JP2010204424A - Blank for reflective photomask and reflective photomask - Google Patents

Abstract

<P>PROBLEM TO BE SOLVED: To provide a blank for a reflective photomask, which is clean against outgas components existing in a mask case made of resin and in clean room environment and can form minute patterns without contaminating inside an exposing device; and to provide the reflective photomask. <P>SOLUTION: The blank for a reflective photomask is clean to outgas components existing in a mask case made of resin and in clean room environment and can form minute patterns without contaminating inside an exposing device by including a protective film coated so that the outgas components may not adhere to the whole surface of the surroundings. The reflective photomask is also provided. <P>COPYRIGHT: (C)2010,JPO&INPIT

Description

  The present invention relates to a reflective photomask blank and a reflective photomask.

  Lithography technology is used for nano-level microfabrication of circuit patterns such as LSI. In recent years, with higher integration, a technique for producing a finer pattern is required, and the wavelength of an exposure light source is being shortened. For example, the exposure light source has been shifted to a KrF excimer laser (wavelength 248 nm) and an ArF excimer laser (wavelength 193 nm). In addition, developments have been made in which soft X-rays having a shorter wavelength (wavelength: 13.5 nm) are used as an exposure light source.

  Lithography using soft X-rays as an exposure light source is called EUV (Extreme Ultra Violet) lithography. In EUV lithography, since the refractive index of a substance in the wavelength region of the exposure light source is slightly smaller than 1, a conventionally used refractive optical system cannot be used, and pattern transfer can be performed by using a reflective optical system. carry out. Further, since EUV light is absorbed by nitrogen and moisture, and a conventional transmission type photomask cannot be used, a reflection type photomask is used.

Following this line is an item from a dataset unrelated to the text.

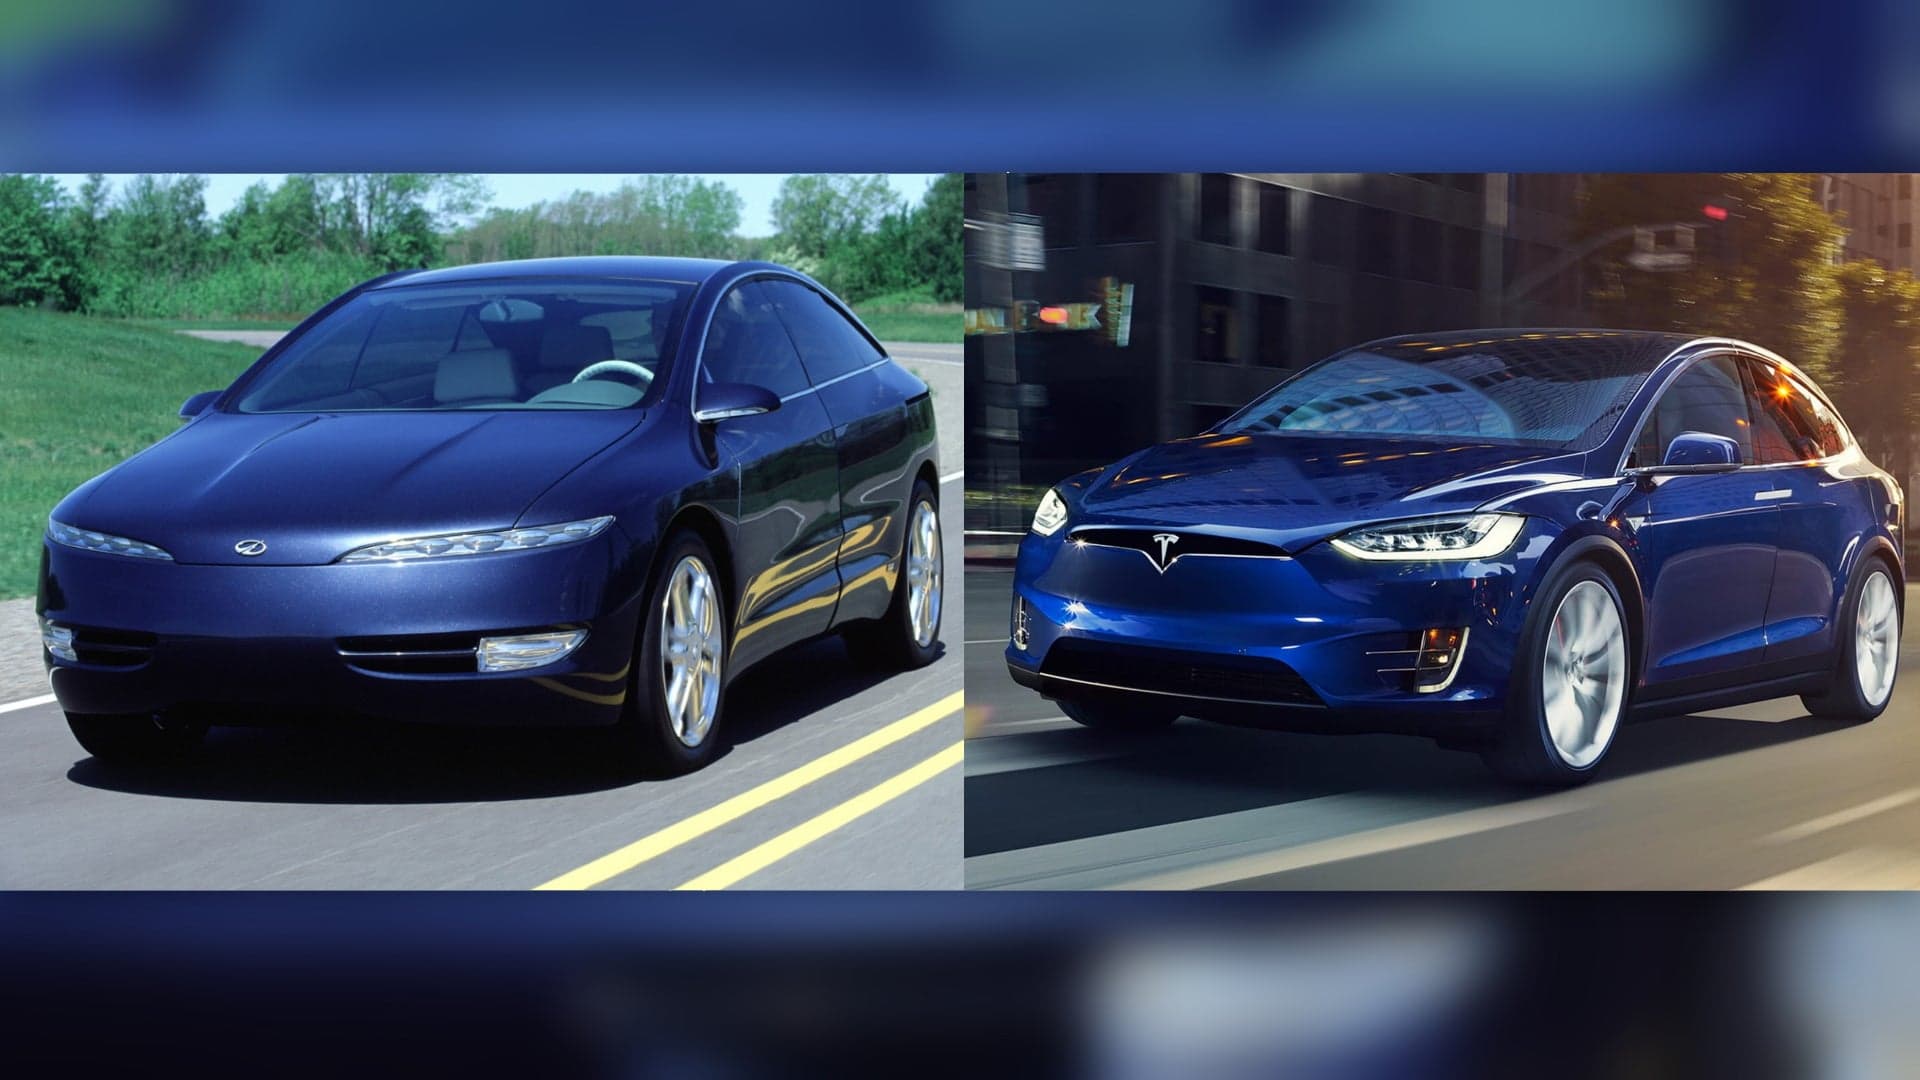 Oldsmobile’s Profile Concept is Remarkably Similar to the Tesla Model X

  A reflection type photomask uses a blank in which a multilayer reflection layer capable of reflecting EUV light is formed on a substrate having a low coefficient of thermal expansion, and an absorption layer is formed of a material having a high absorption rate for EUV light. Can be obtained by processing into a desired pattern. In many cases, a layer called a buffer layer or a capping layer is provided between the multilayer reflective layer and the absorbing layer in order to prevent a reduction in reflectance due to pattern defect correction or oxidation.

  As described above, EUV lithography has many parts that are remarkably different from the conventional lithography techniques, and immediate support for peripheral techniques is required.

  In an exposure apparatus for EUV lithography, since most substances absorb EUV light, the inside needs to be kept at a high vacuum. For this reason, even a very small amount of outgas components may cause carbon contamination, and is regarded as a problem for contamination of optical mirrors and the like. A high cleanliness is also required for the EUV photomask installed in the exposure apparatus.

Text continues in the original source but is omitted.